Haniel’s lips compress as she stares at the falling snow. The fear that permeates this world seeps through the tiniest crack, into the strongest armor. Even into her. What does she have to fear? That Michael will cast her out into the dark world?

Yes. However foolish it may be, that is the fear.

Then let me give to the child the same advice that I wish I could hear for myself.

Haniel turns back and resumes her seat. The child has wiped her eyes and is just looking up, but her eyes track only the snow-filled night outside her windows. Haniel leans forward.

“Don’t be afraid,” she whispers. “You need not go back. You can find something else. You found this job, didn’t you, when you came to town with nothing and no hope? You can do it again.”

The child blinks, hearing her, but even Haniel cannot say what effect her words will have. This is a matter of the child’s will: if it is broken, then she will despair.

“Go to a kiosk tomorrow. Look at the want ads. Maybe there will be something perfect for you! A different place. People who will be good to you.”

Calmed by her words, the child’s face flickers between hope and fear.

“What if it’s there, already waiting for you,” Haniel whispers, “and you don’t go look? What can it hurt, to try?”

Haniel waits a moment longer, worry crossing her face, but she cannot force, only suggest. Finally she rises and goes to the door.

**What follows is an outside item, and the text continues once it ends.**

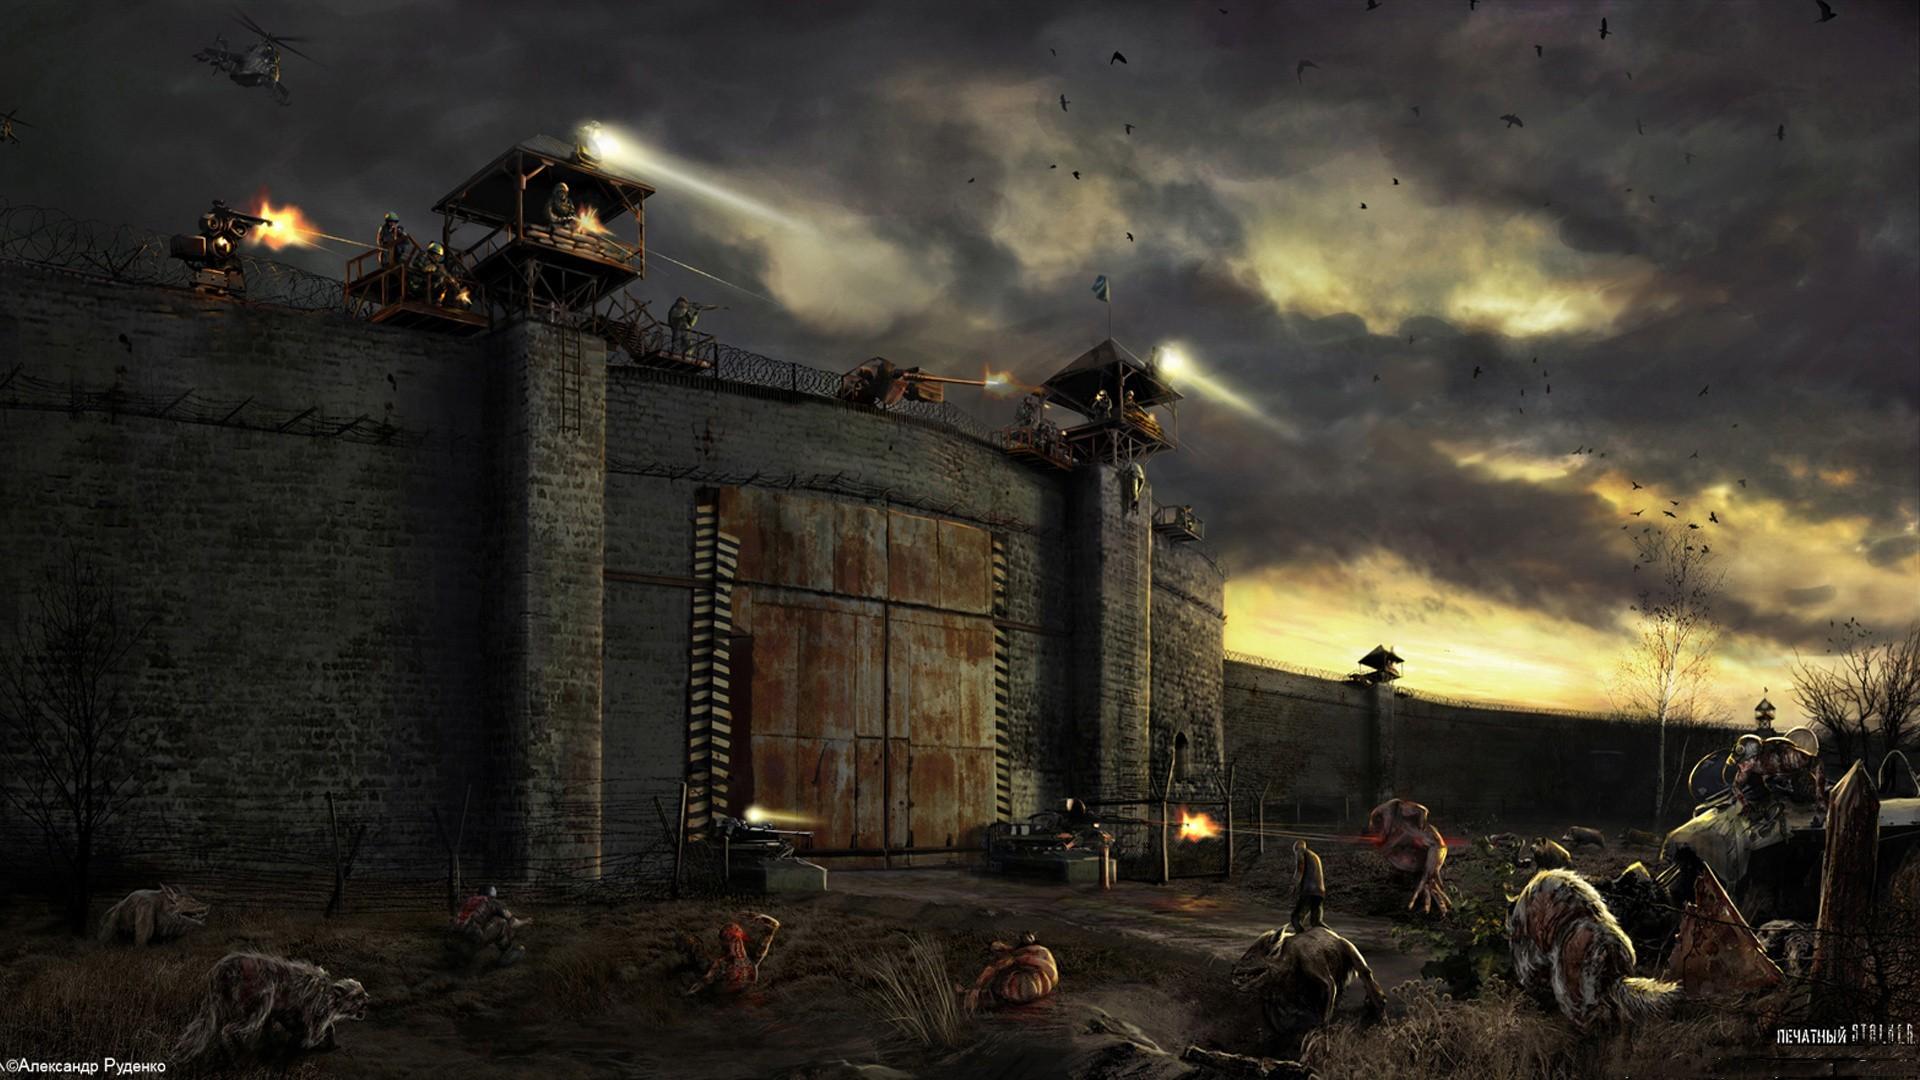 Nuclear Apocalypse Wallpaper ·① WallpaperTag

Rather than translating and risking the upset that might cause, Haniel simply makes sure that her attention ward is still in place, then opens the door quietly and slips out, afterward causing the deadbolt lock to set itself again, and the chain lock to quietly resume its place.

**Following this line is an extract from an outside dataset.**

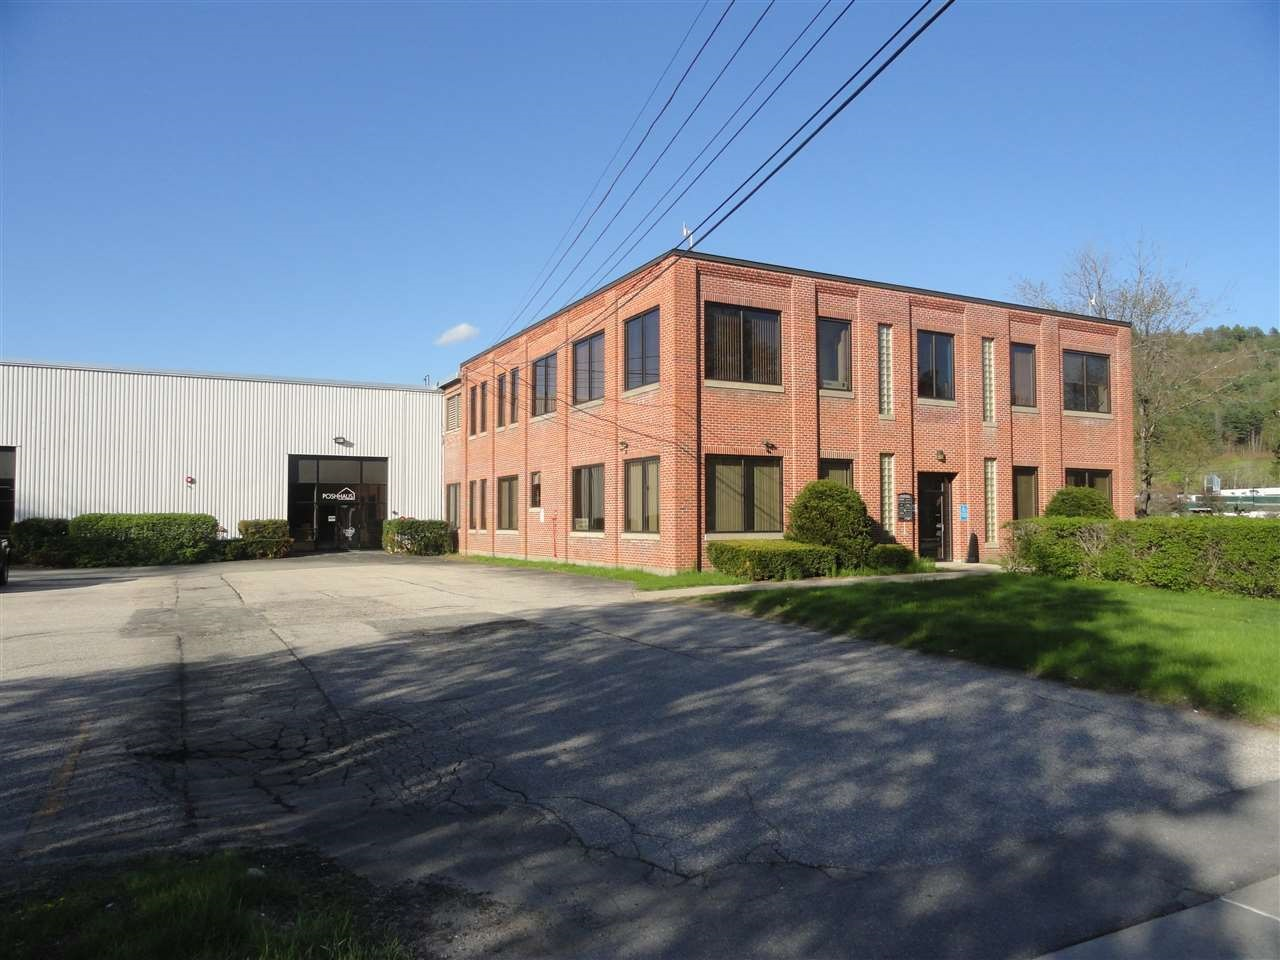 310 Marlboro Street, Keene, NH 03431

Sitting at her little table and staring at the snow, Kate feels a wave of unaccountable loneliness wash through her. Is she wishing for some friend to tell her troubles to? But she has no friends. Yet, as she dries her face, Kate finds a single bright thread of hope among her tangled fears. She clings to it, blinking.

Why not just decide to believe in it? If you don’t really know anything one way or the other, what’s the difference? In that case, why should you cling to fear instead of hope?

“What can it hurt,” Kate whispers to herself, “to try?”